В обязанности Жихарева входило взятие проб воздуха, воды, пыли в квартире Сталина и на даче, когда он туда выезжал. Позже такие пробы стали брать три раза в день. По ним делался анализ на содержание ядов на месте пребывания генсека. Жихарев сопровождал вождя в поездках на охоту, в другие города. Там делался анализ пищи и напитков, подаваемых к столу Хозяина. В дачный период Пашка завязывал романы с официантками или подавальщицами, как их тогда называли. Однако жениться на них он не собирался: после секса с Танькой Ворбьевой ему не хотелось нарваться на ничего не знавшую дуру и потом мучиться с нее. А именно таких и держали при кухне.

В то же 1927 году Троцкого исключили из партии, а несколько позже выслали в Ташкент, где он прожил до изгнания за границу. Главный противник Сталина в борьбе за власть был устранен. Оказались не у дел и Зиновьев с Каменевым: их вывели из состава Политбюро ЦК. Зиновьева заменили на посту руководителя Питерской парторганизации Кировым. Началось устранение сторонников Троцкого, Зиновьева и Каменева из партийных и государственных органов, массовое исключение троцкистов из партии. Тогда же началась борьба против правых уклонистов — сторонников Бухарина и Рыкова. Не концепция развития промышленности и сельского хозяйства, а боязнь конкурентов на вершинах партийной власти стало причиной этой борьбы. Слушатели рабфака имени Бухарина, слушатели Промышленной Академии, а также Института красной профессуры являлись основным источником пополнения рядов правых уклонистов. Часто бывавший у них, любивший шутку и острое слово, ярко и образно говоривший по-русски, закуривавший махорку или дешевые папиросы из кисетов и жестяных портсигаров Бухарин гораздо больше нравился им, чем говоривший с сильным акцентом сухой и чопорный Сталин. В новом руководителе партии и последующей замене сталинского аппарата видела эта молодежь перспективы своего карьерного роста. Сталин знал об этом не только из доносов. Изредка бывая в этих учебных заведениях, он видел, как встречают его, и как встречают Бухарина. Позже вся эта молодежь прошла через публичное покаяние и «признание ошибок» в первой половине тридцатых годов, чтобы во второй половине тридцатых сгнить в сталинских лагерях. Даже слушателям, зарекомендовавшим себя ортодоксальными сталинцами, не было доверия, поскольку они длительное время находились в «рассадниках вольнодумства». Большинство из них тоже разделило участь приверженцев Бухарина. Борьба же с «правым уклоном» кончилась тем, что Бухарина и Рыкова вывели из состава Политбюро ЦК. Рыкова на посту Председателя совета народных комиссаров сменил Молотов, целиком и полностью обязанный своей карьерой Сталину.
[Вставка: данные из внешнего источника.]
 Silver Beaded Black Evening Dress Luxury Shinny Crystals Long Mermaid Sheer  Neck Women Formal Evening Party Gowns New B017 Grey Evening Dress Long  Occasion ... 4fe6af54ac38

Достигнув полного единовластия, Сталин перестал стесняться кого-либо. Банкеты и праздники устраивались по поводу и без повода. Начала оснащаться предназначенная ему дача в Сочи, принадлежавшая до революции миллионеру-промышленнику. Подумывал Хозяин и о сети дач под Москвой. Все чаще затягивалась охота, переходившая в длившуюся несколько суток пьянку. Все чаще собирались «соратники» в квартире Ворошилова, ставшего членом Политбюро и наркомом обороны. Все чаще после этих банкетов Пашке чуть ли не на руках приходилось доставлять Хозяина домой. Все чаще на банкетах подводили к вождю смазливых женщин, с которыми он до утра уезжал в Зубалово. «Жить надо веселее!» — все чаще говорил Хозяин.
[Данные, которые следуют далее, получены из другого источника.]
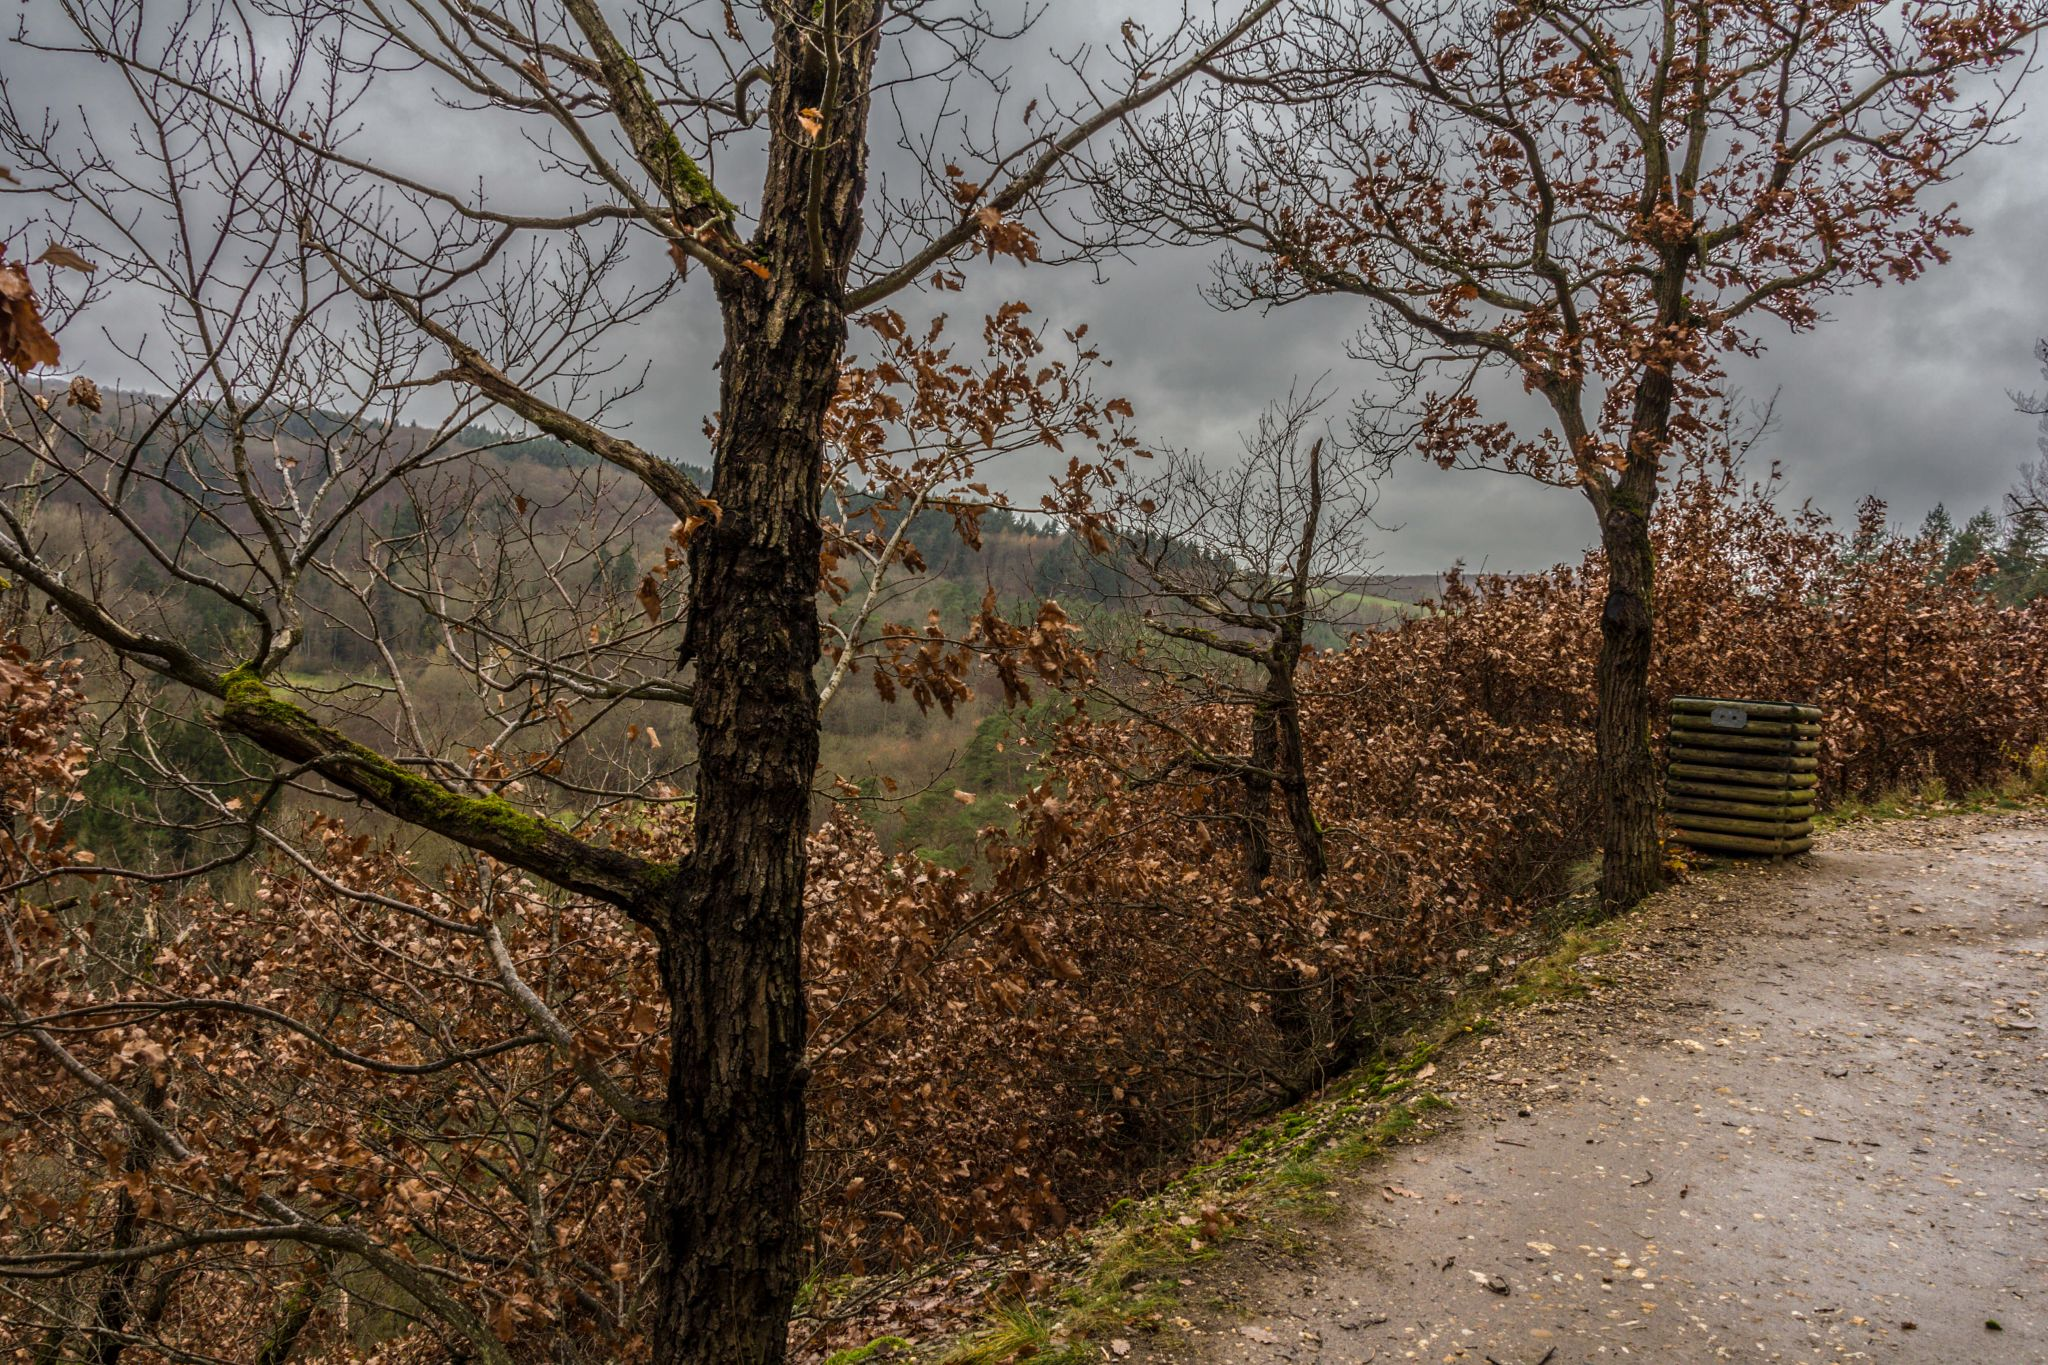 View over Wierschemer Bach valley, Germany

Началось широкое строительство дач для членов Политбюро, наркомов, а за ними и чинов помельче. Появились на этих дачах лакеи в напудренных париках и ливреях, горничные и камеристки в старинных платьях. Уже не на серебре — на золоте ели сильные мира сего. Уже ювелирные изделия, принадлежавшие некогда аристократии, дарились любовницам партийных руководителей. Уже вошло у новой знати в моду заводить любовниц из актрис и балерин. Уже велась борьба между начальством за обладание купленными за границей автомобилями.

Такой образ жизни не мог нравиться жене Сталина — Надежде Аллилуевой, приученной в детстве вести скромный образ жизни, довольствоваться малым. Ей не могли нравиться пьянки, после которых Хозяин становился невменяемым, оскорблял ее, бил детей. Раздражало ее и растущее высокомерие мужа к окружающим. Как-то на 7 Ноября собрались у Ворошилова. Снова лились рекой коньяк и водка. В этот вечер Хозяина прорвало. Он назвал партийные массы баранами, которые идут туда, куда их ведут вожди.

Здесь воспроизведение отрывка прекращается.